HOW MUCH CAN YOU MILK A KISS?: I've seen suckling goats in seige cities that get less milked than the Britney-Maddy snog-up, you know, and we're reluctant to add to the furore (again), but we couldn't help thinking how much more it would have meant if they'd arranged it so that Madonna had made Britney and Christina snog instead. But maybe we're just desperately in need of some sort of 'action'. It's also interesting how the whole incident is being viewed through different prisms according to where you prefrences lay - Britney fans (amongst which, if we had to sign a sheet, we'd probably number ourselves) seeing it as a token of affection and appreciation by the younger artist for her inspiration, while Christina was just tail-gating; Christina fans - once they'd put some cooling ice on their elbow and wiped down the TV screen - commented that, hey, Xtina is up for anything but wasn't that Britney a bit false.

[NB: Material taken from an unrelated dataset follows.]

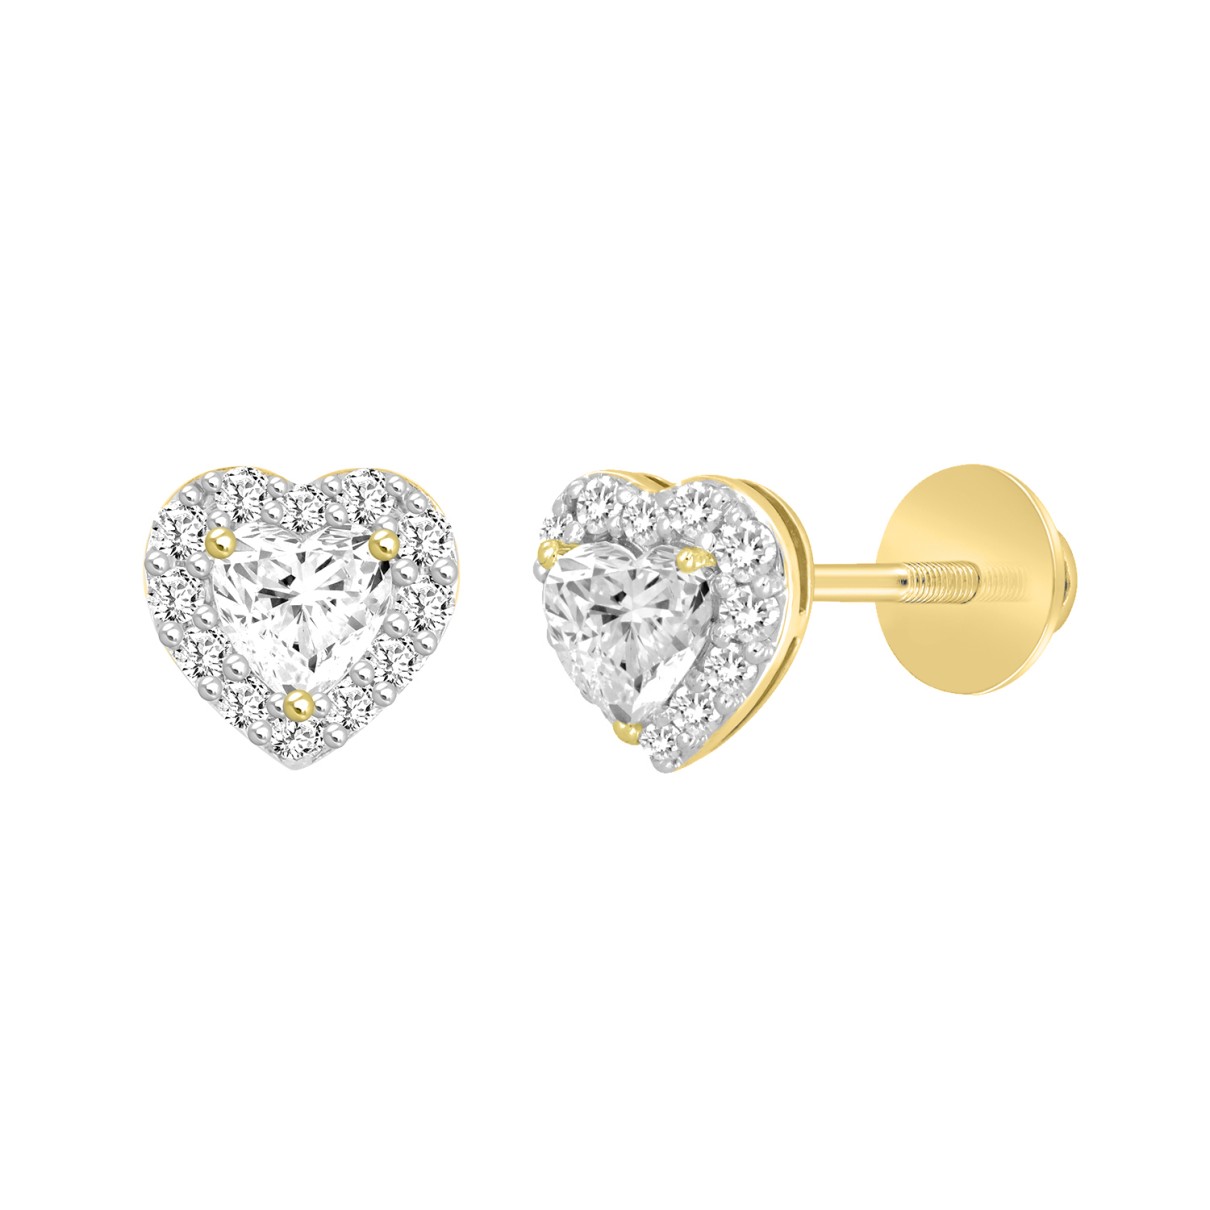 14K YELLOW GOLD1 3/8CT ROUND / HEART DIAMOND LADIES EARRINGS (CENTER STONE HEART DIAMOND 1CT )

While Madonna fans? They seem to be nodding going "well, it's a cynical move, of course, but it seems to have worked."
Meanwhile, Britney claims the kiss 'wasn't rehearsed' and says it's the first time she's ever kissed a woman (although surely pretty Justin Timberlake comes close?), "and I hadn't kissed anyone in a long time, so that should last me for a while." Yes, we dare say if Madonna had touched us with her mouth we'd feel physically incapable of kissing anyone again for a long time, too.
Somehow, this online chance for the whole world to shoulder in on the act and kiss Britney doesn't quite live up to the promise. Not only did she not even show a flicker of interest, as far as I can tell we've not made a single front page.